Task instructions: Quote the entries in full, character for character, without their images.

Supplied material:
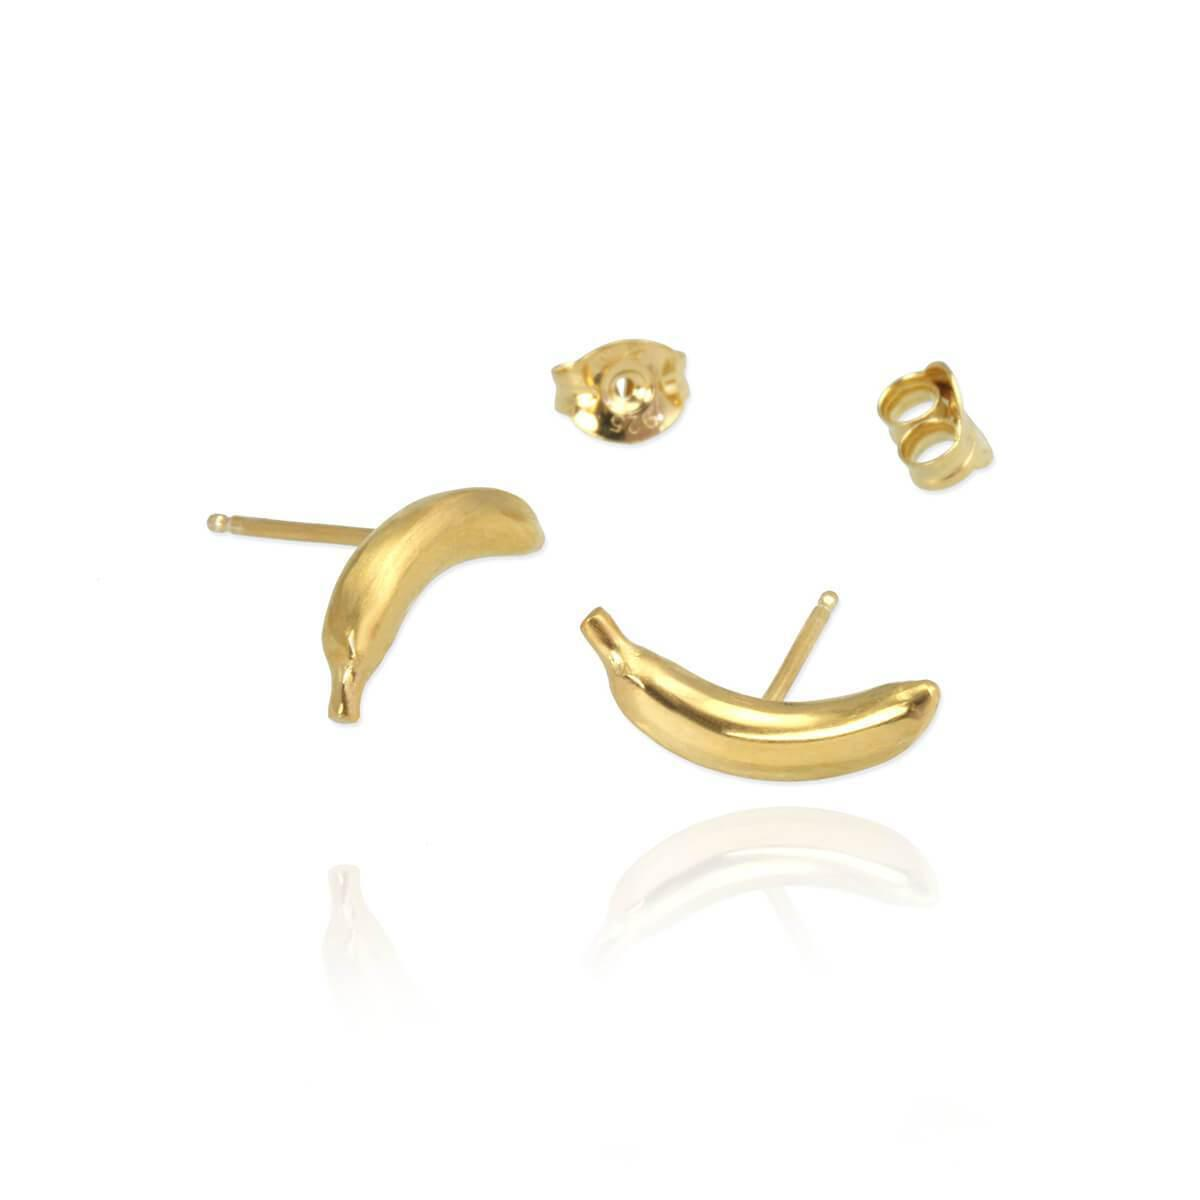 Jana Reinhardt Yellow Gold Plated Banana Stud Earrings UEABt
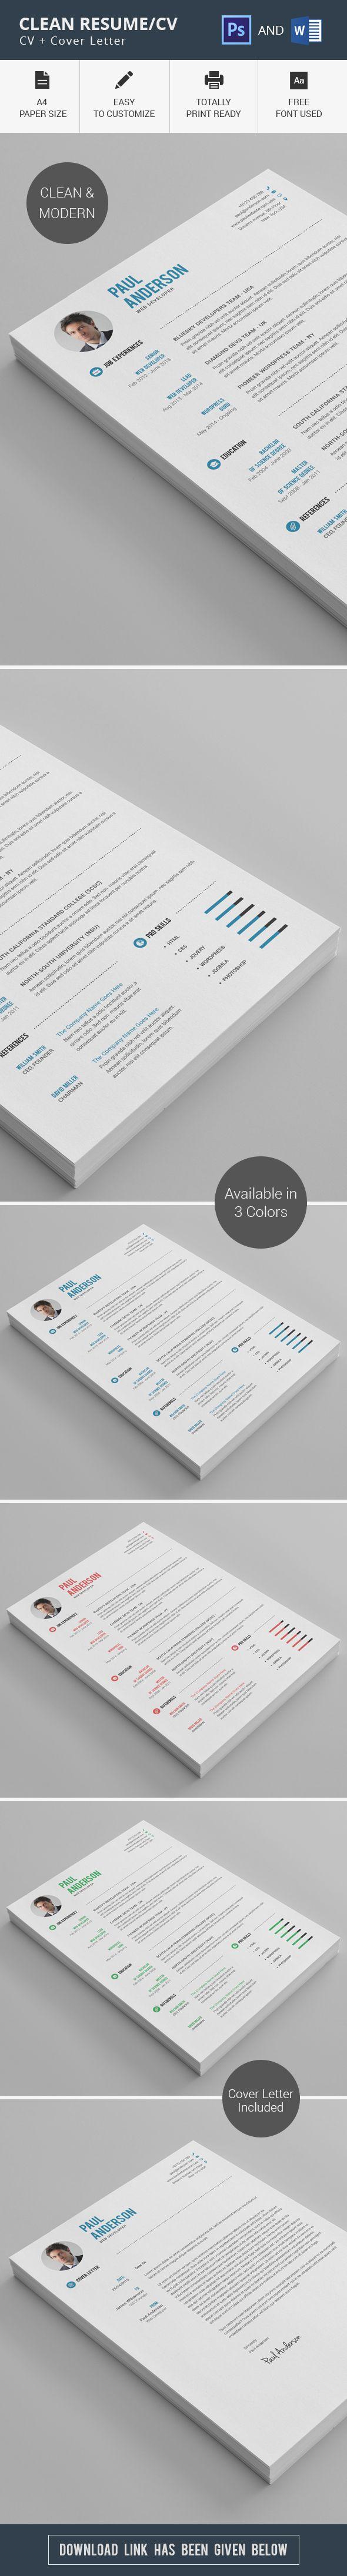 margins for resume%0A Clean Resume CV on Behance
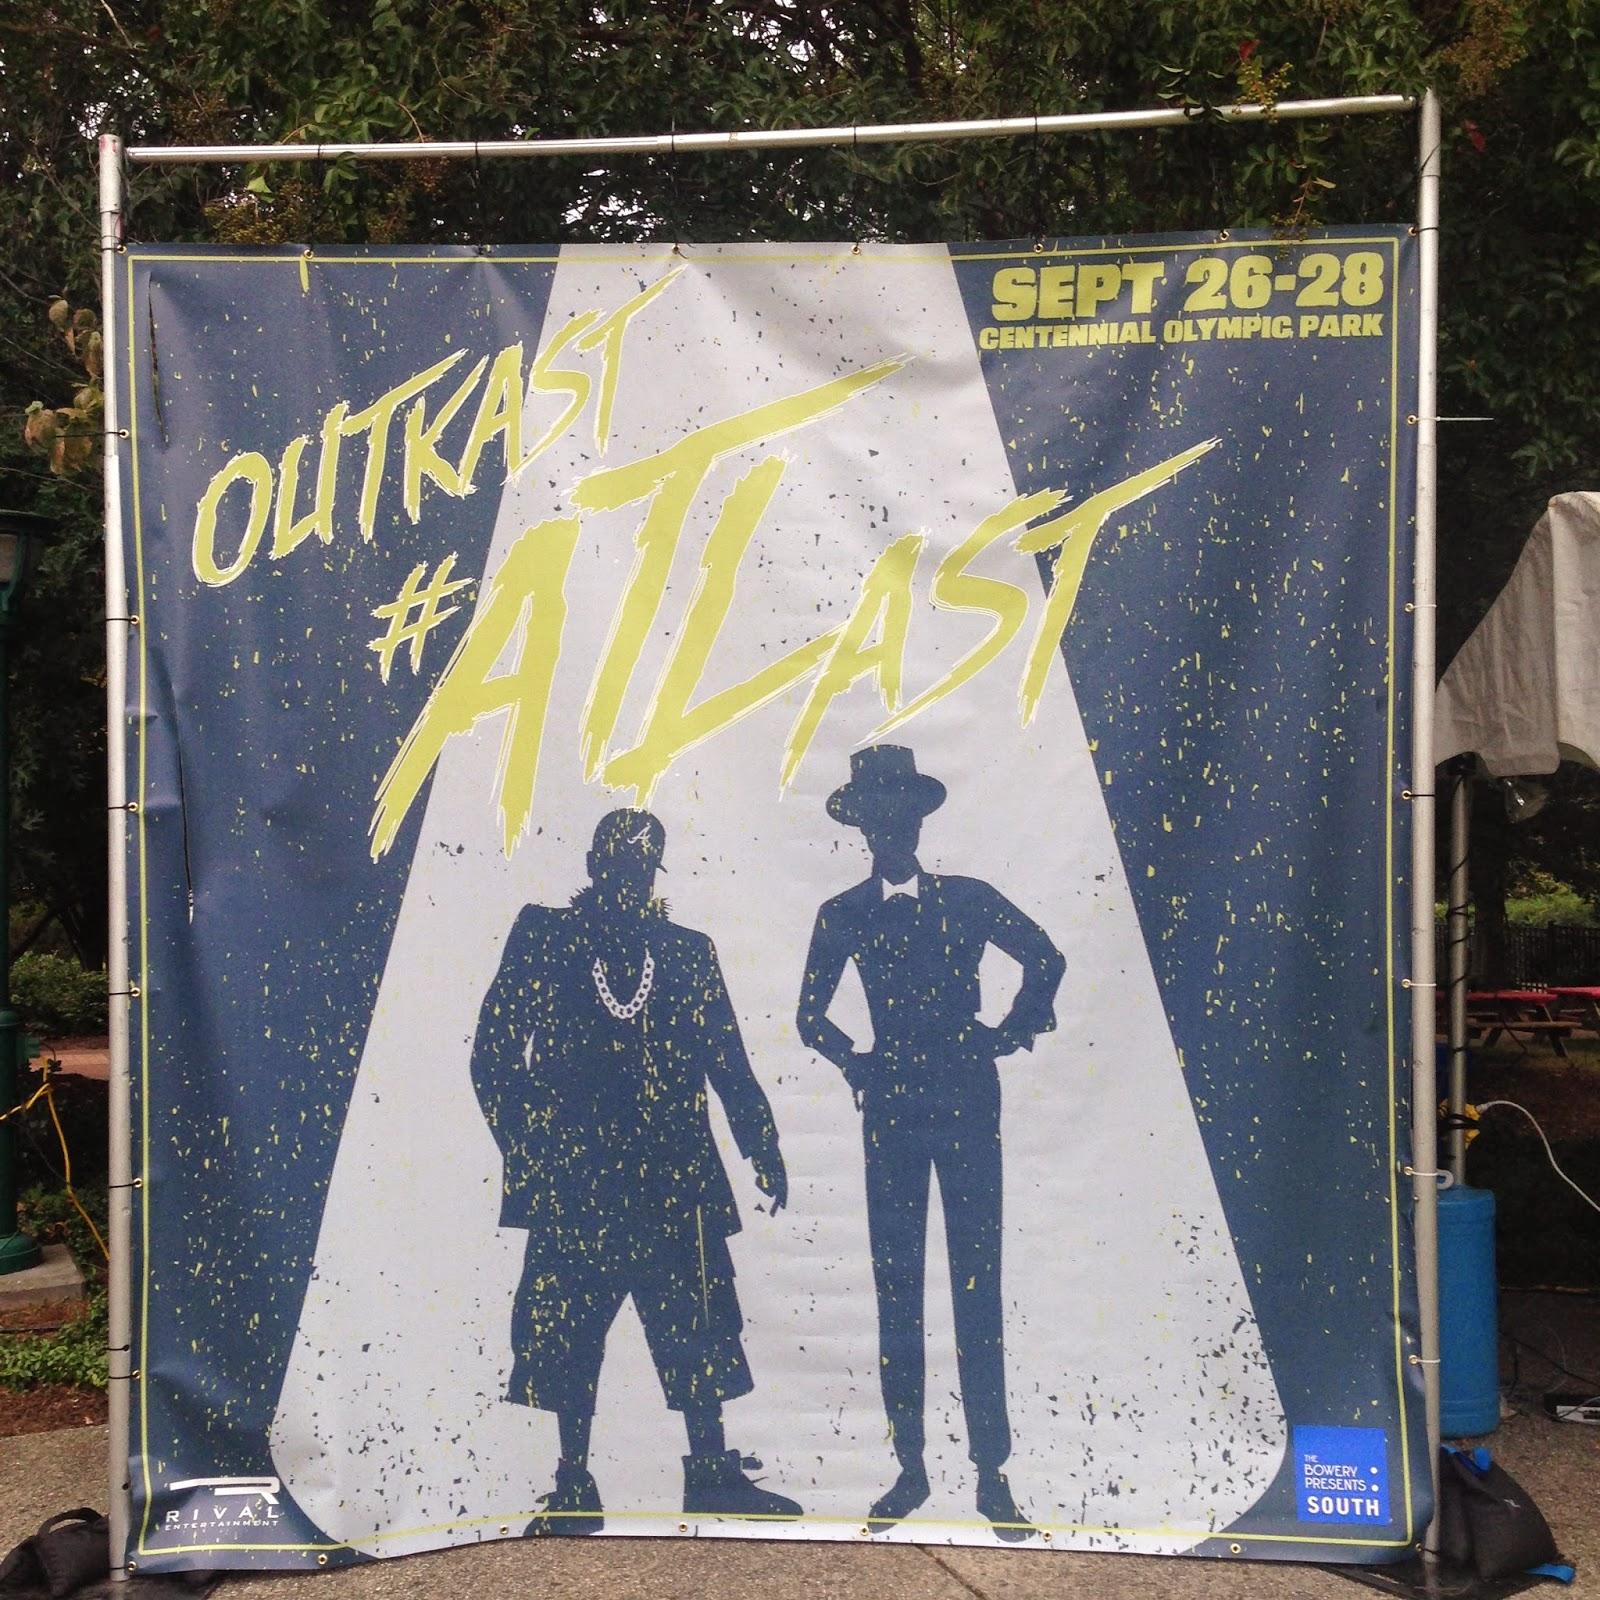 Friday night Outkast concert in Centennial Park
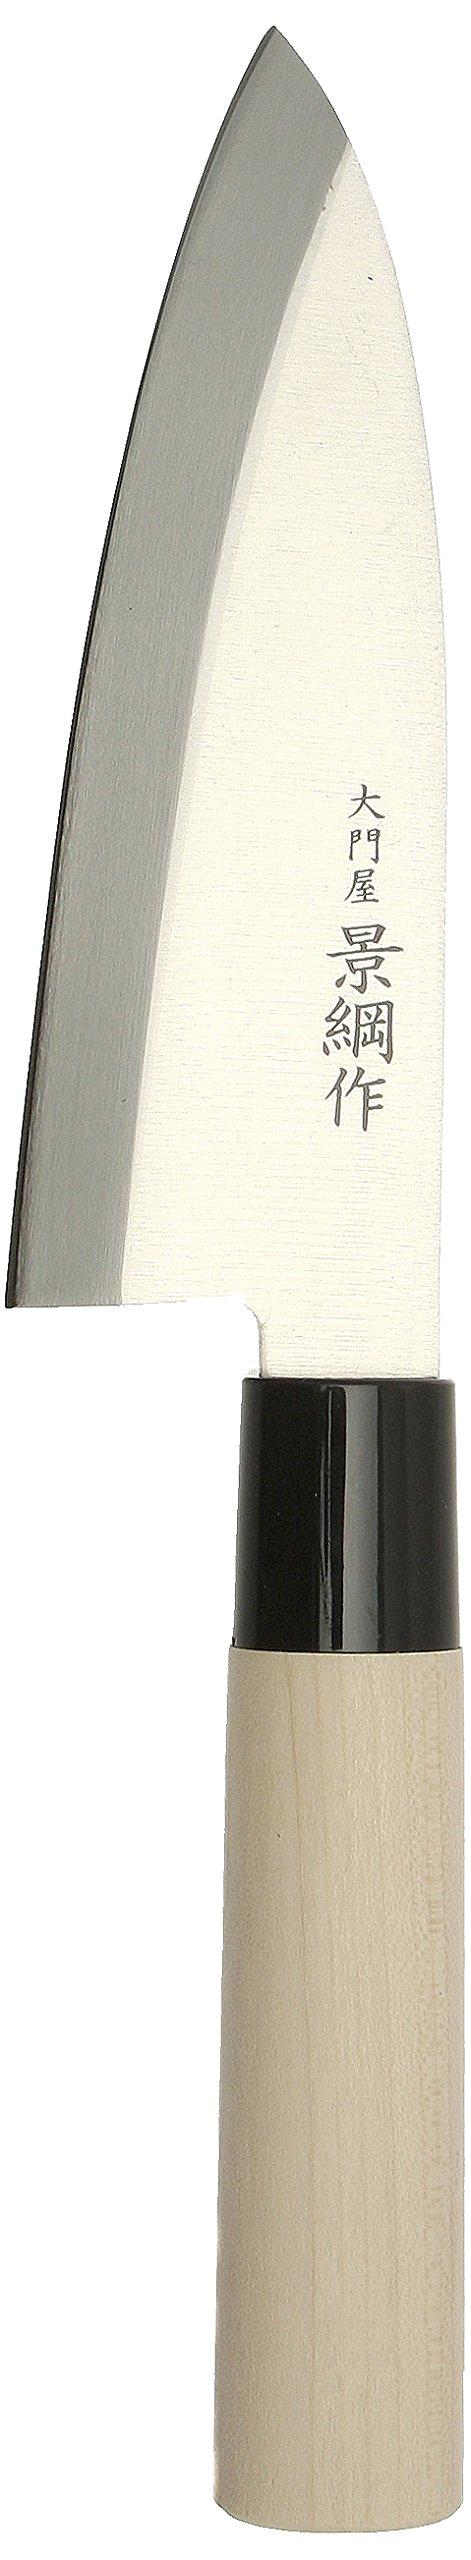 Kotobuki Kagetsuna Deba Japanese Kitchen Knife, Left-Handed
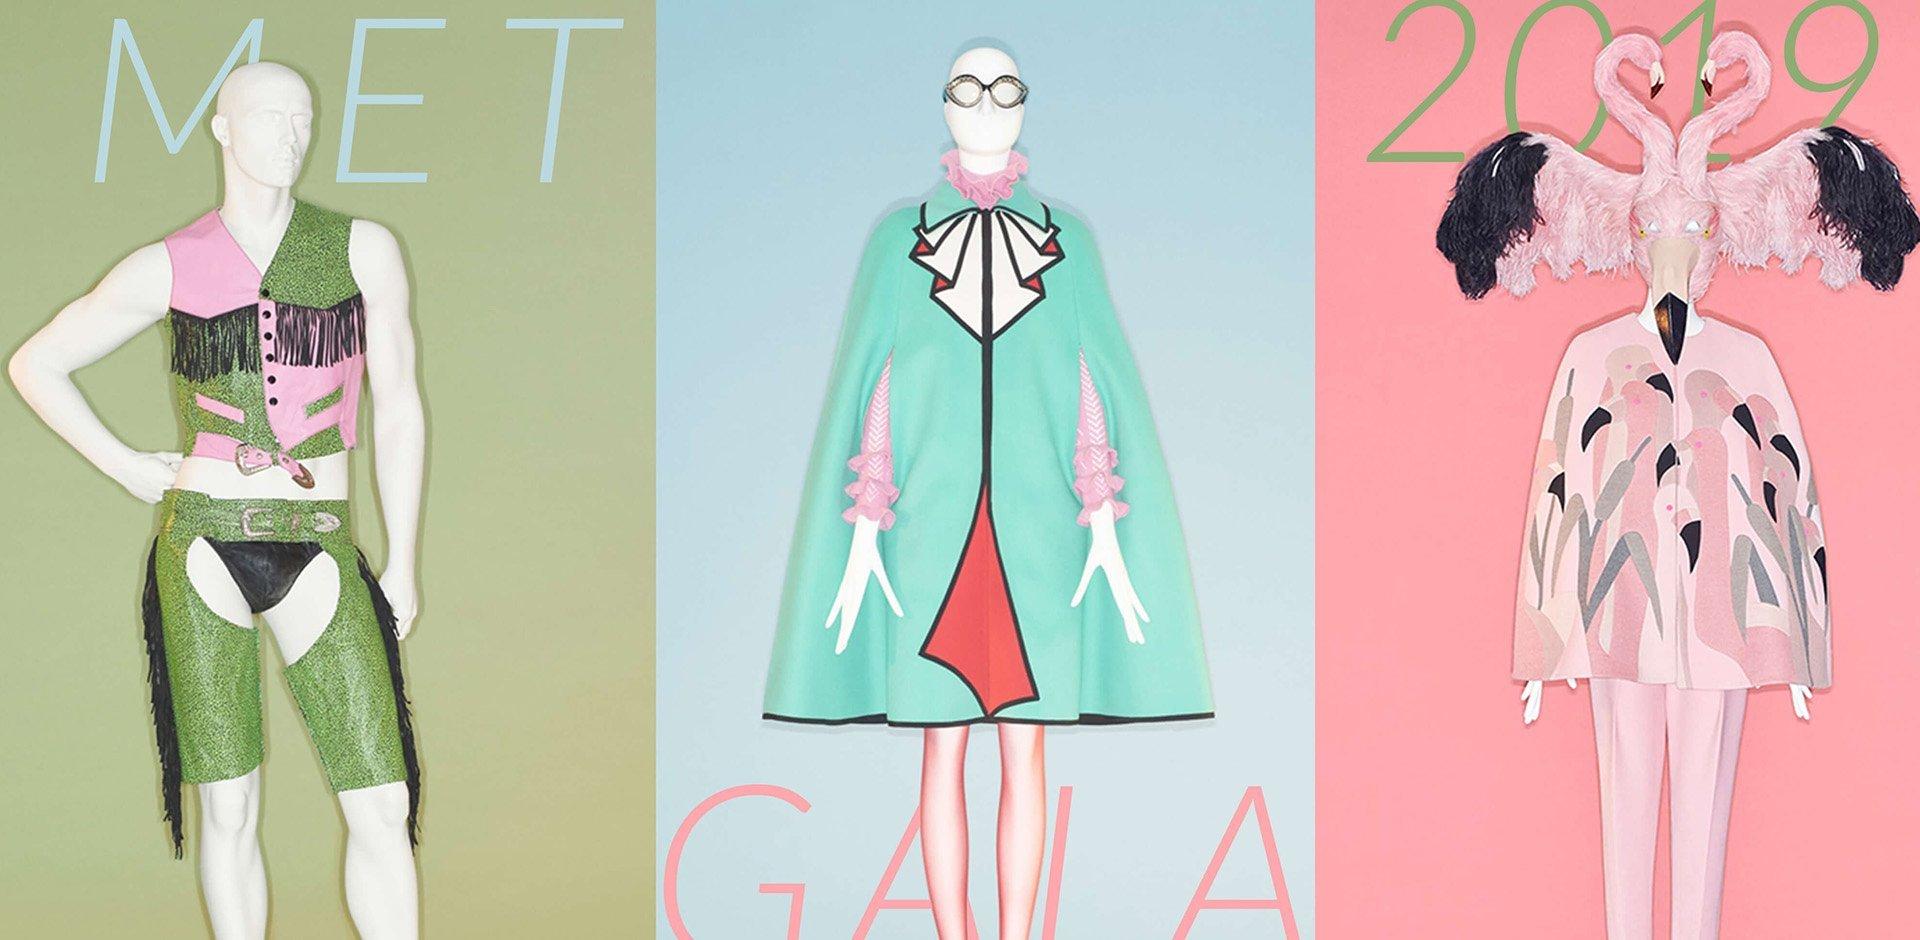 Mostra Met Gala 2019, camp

Output:
 Jana Reinhardt Yellow Gold Plated Banana Stud Earrings UEABt
 margins for resume%0A Clean Resume CV on Behance
 Friday night Outkast concert in Centennial Park
 Kotobuki Kagetsuna Deba Japanese Kitchen Knife, Left-Handed
 Mostra Met Gala 2019, camp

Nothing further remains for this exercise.